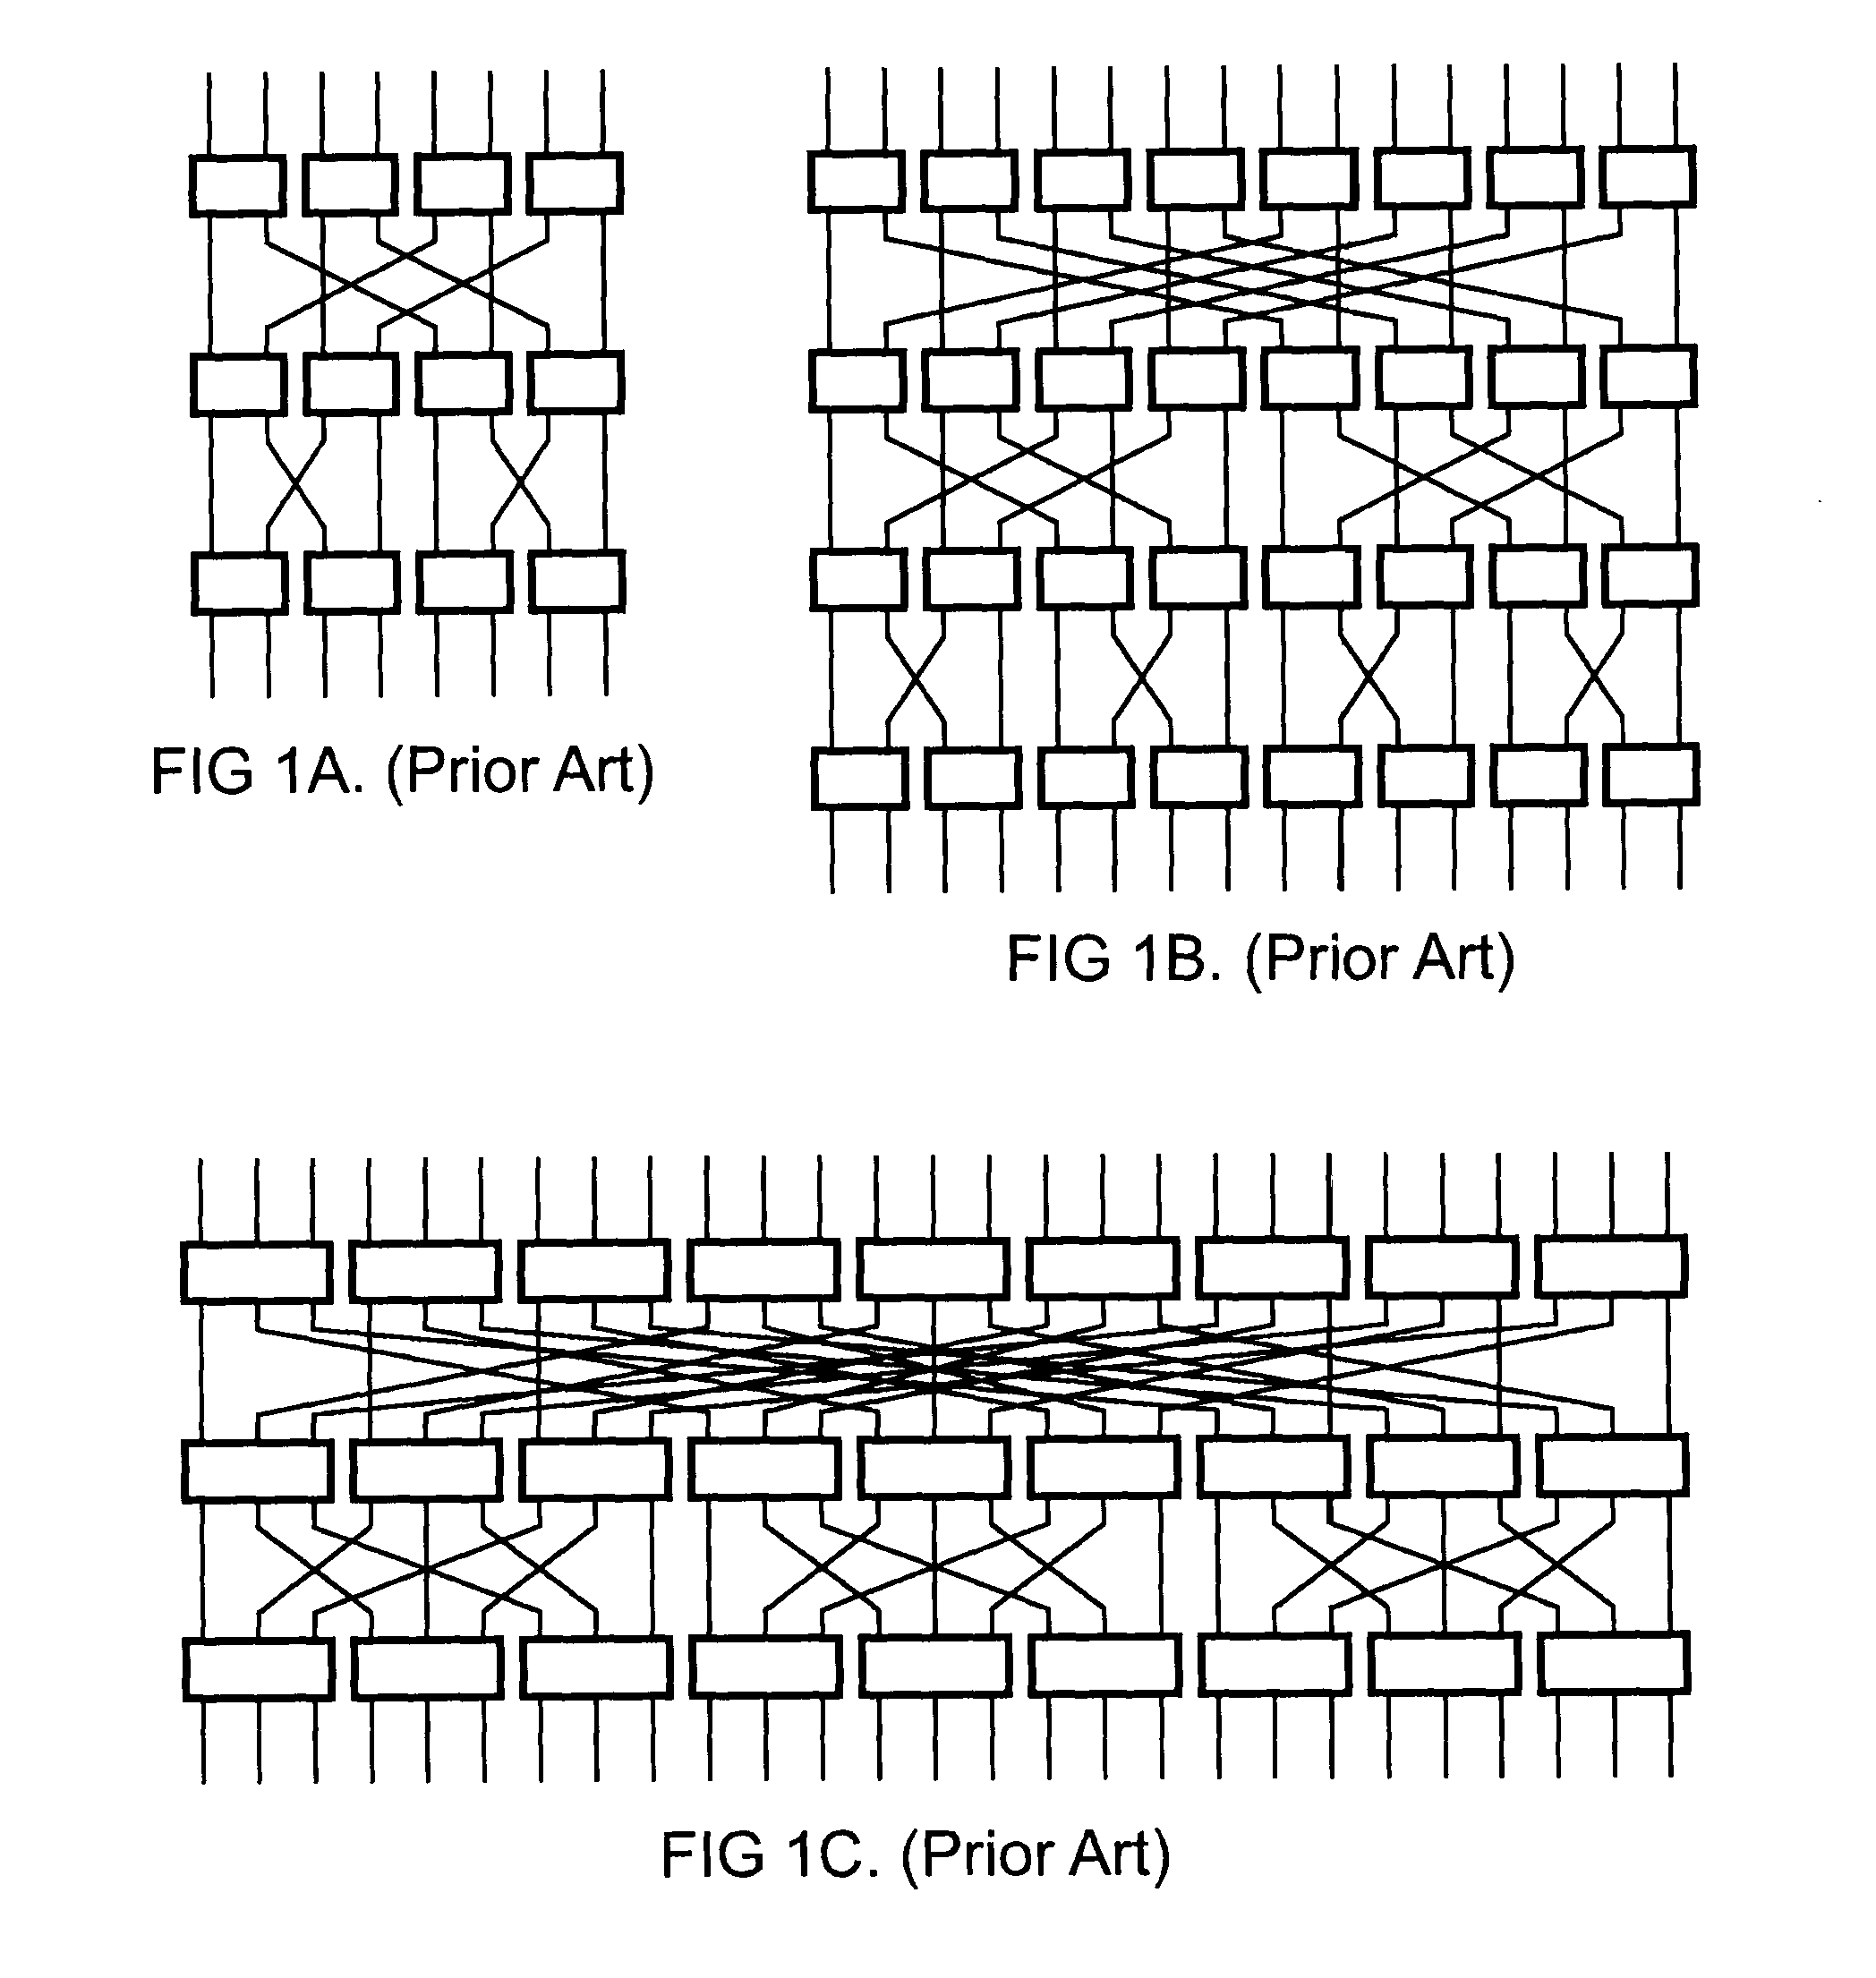 Systems and methods for overlaid switching networks
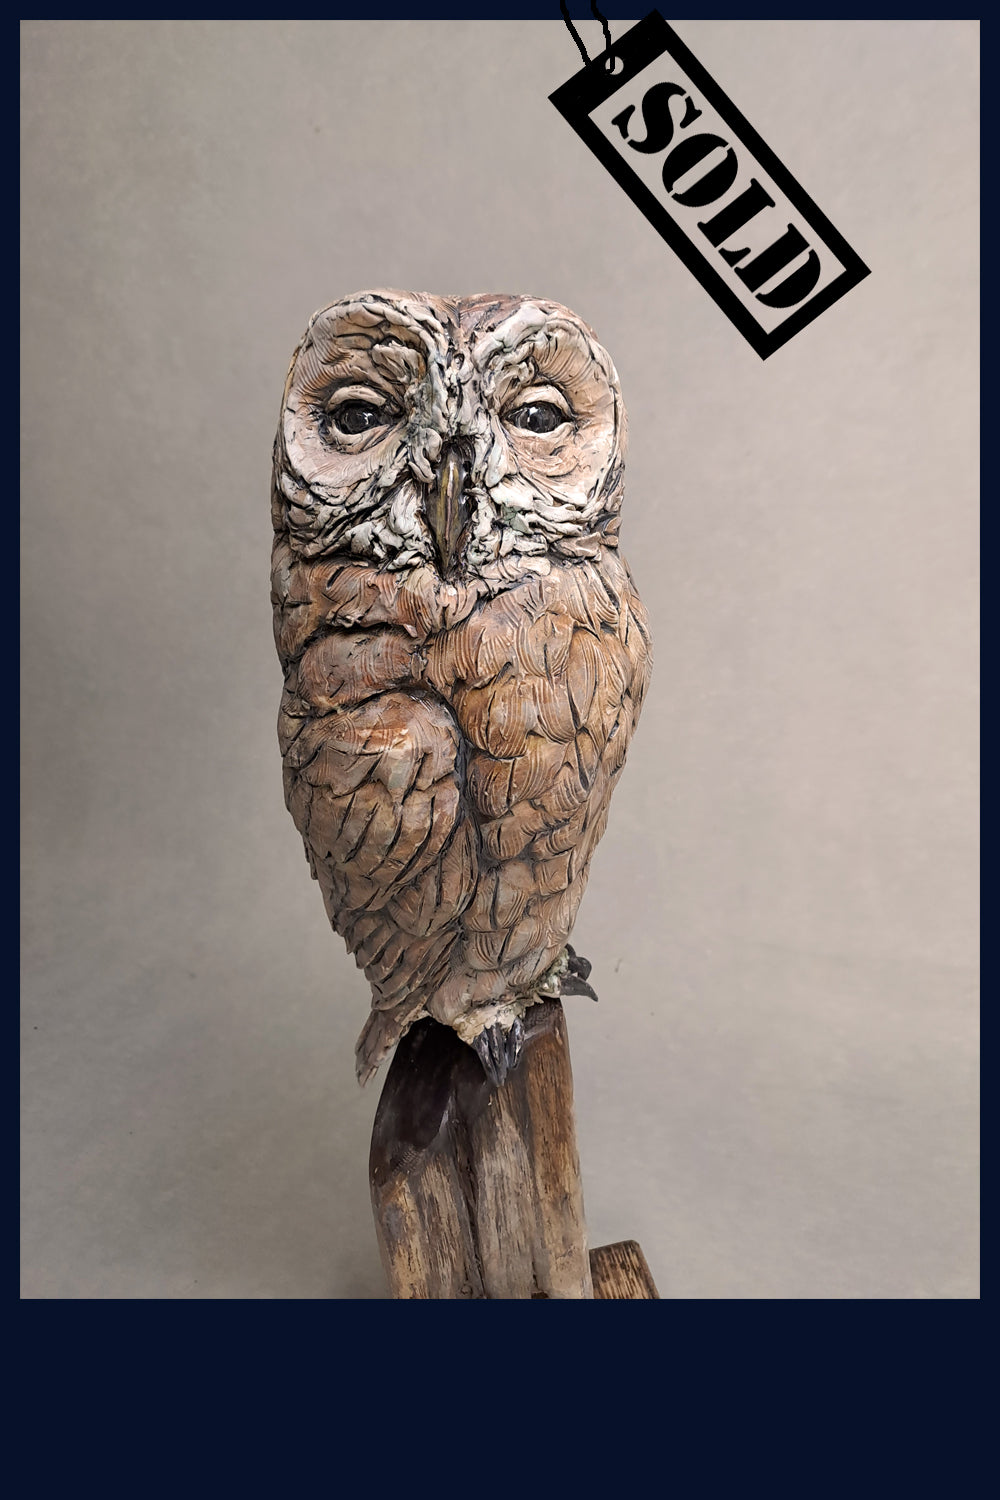 SOLD - Tawny Barn Owl Ceramic Sculpture by David Cooke
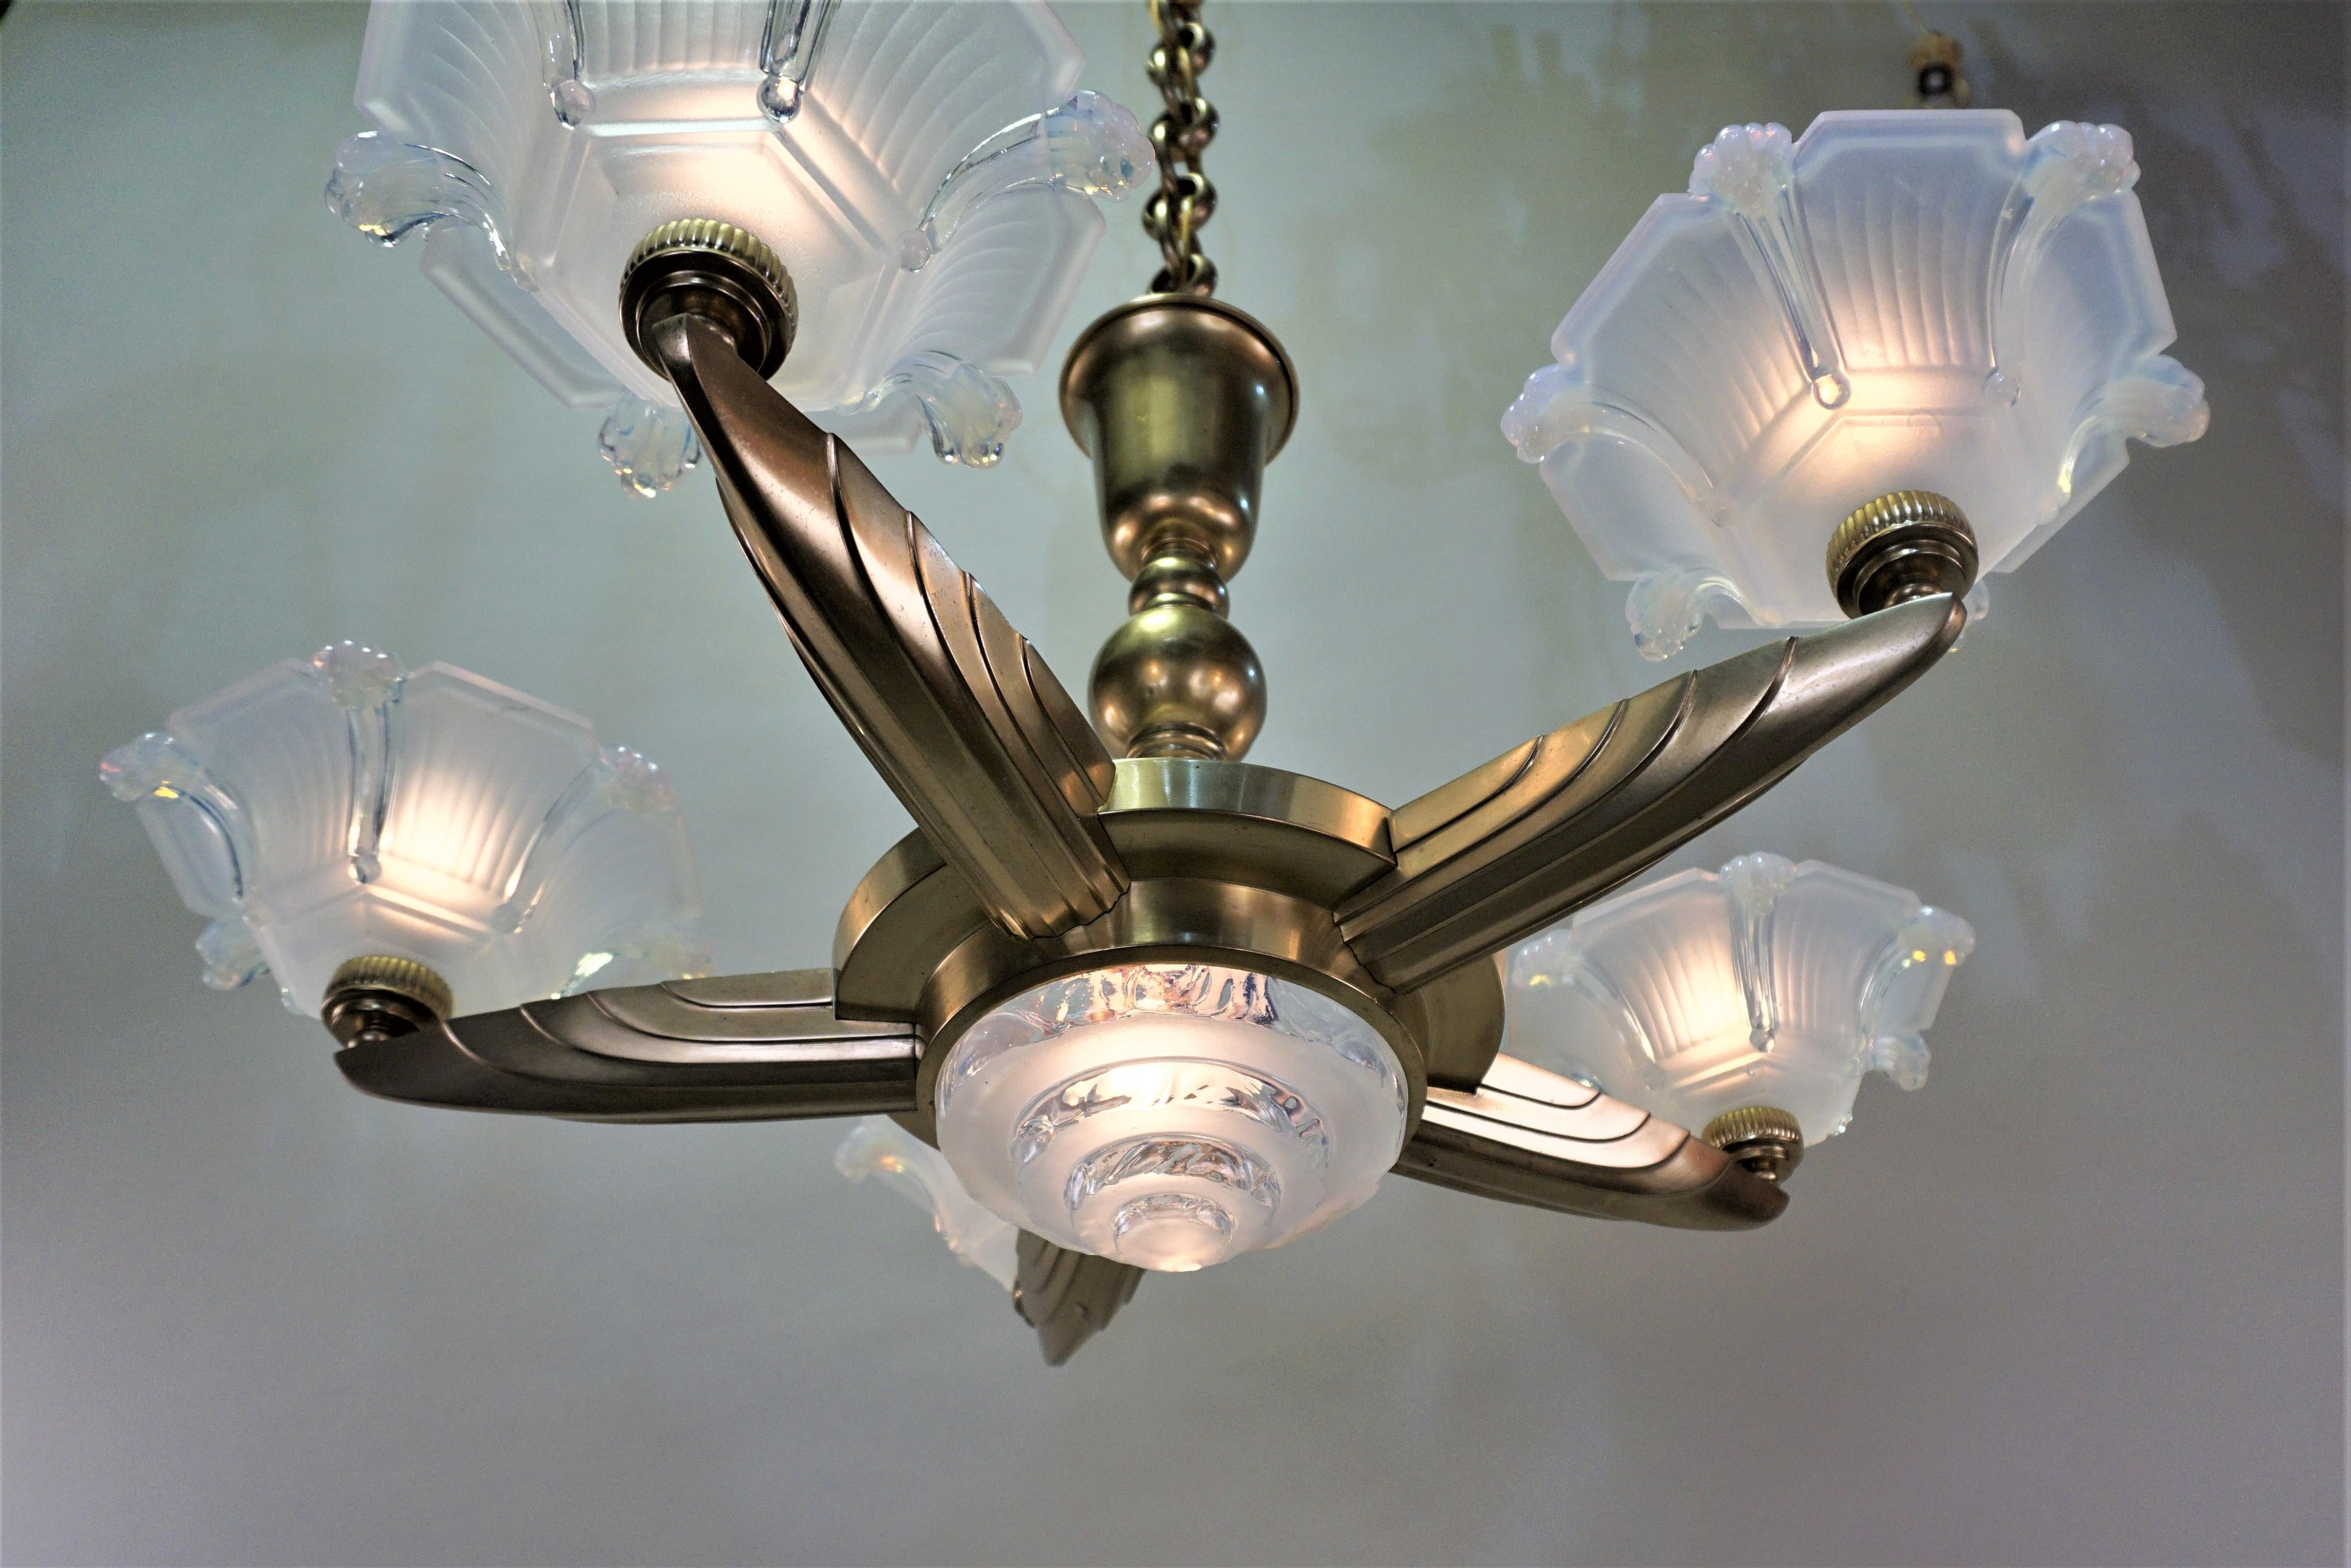 Mid-20th Century French 1930s Art Deco Bronze and Glass Chandelier by Ezan & Petitot

• **WHAT IS REQUIRED**
Write out the data in full and exactly as given, though without the images.

• **OUTPUT OF THE TASK**
 Systems and methods for overlaid switching networks
 SOLD - Tawny Barn Owl Ceramic Sculpture by David Cooke
 Mid-20th Century French 1930s Art Deco Bronze and Glass Chandelier by Ezan & Petitot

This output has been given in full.